Обобщая все изложенное, необходимо сказать, что причинная обусловленность требует свободы, а свобода требует необходимости. Живая вещь в одно и то же время, в одном и том же смысле и свободна, т. е. сама себя обусловливает, и причинно зависима, т. е. обусловлена другой вещью. Такова жизнь. Как ни странно и ни нелепо это для формальной логики и абстрактной метафизики, но — такова жизнь и ее диалектика. Такова же и диалектика художественной формы. Если считать, что первообраз свободен в проявлении в художественной форме, тогда последняя, равно как и художник, ее создавший, суть нечто необходимо обусловленное. Можно считать, что художественная форма и ее автор — свободны, тогда — первообраз будет связан с ними и причинно ими обусловлен. Однако ни та, ни другая возможность не выдерживает критики в отдельности. Живая жизнь искусства и живое его восприятие говорят о том, что художественная форма есть синтез свободы и необходимости. Она чарует нас этой синтетической слитостыо, и в этом диалектическая разгадка той непринужденности и блаженной самодовленности художественной формы. Это–то и волнует нас в искусстве; и, воспринимая это, мы сами погружаемся в необычный для нас мир, где мы сами свободно полагаем свою ограниченность и обусловленность и где мы сами по необходимости — свободны. Оттого так легко дышится в этих сферах, и оттого уходим мы из концертного зала с небывалыми мечтами о свободе и о ее необходимости.

ЧЕТВЕРТАЯ АНТИНОМИЯ

Тезис. Художественная форма предполагает, что существует некоторый независимый от нее и служащий для нее прообразом первообраз, который дан в качестве нечувст–вуемого ею[57] критерия ее конструкции. Короче, художественная форма есть первообраз как объект.

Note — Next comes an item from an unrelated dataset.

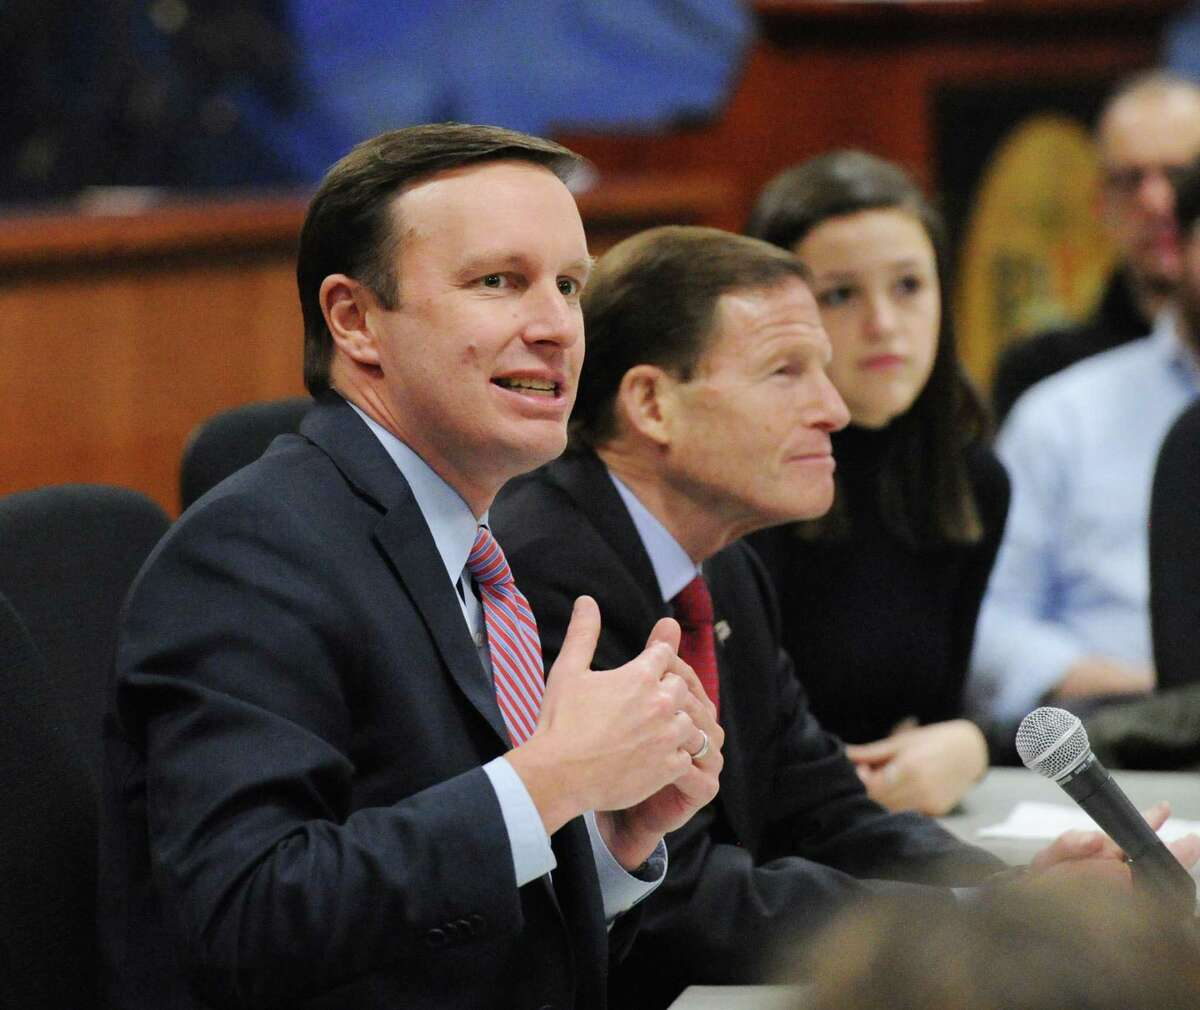 U.S. Senators Chris Murphy, left and Richard Blumenthal, in a file photo.

Антитезис. Художественная форма не предполагает никакого предшествующего ей и определяющего ее нечувствительно для нее сущего первообраза, но сама впервые создает себе этот первообраз, будучи чувством себя самой как своего первообраза. Короче, художественная форма есть первообраз как субъект.

Синтез. Художественная форма есть энергийно становящееся чувство себя самого как собственного первообраза, т. е. сверх–чувствительное чувство самодовления и чувствительная сверх–чувствительность самодовления. Короче говоря, художественная форма есть первообраз как тождество субъекта и объекта, т. е. такой первообраз, который сам для себя и субъект, и объект.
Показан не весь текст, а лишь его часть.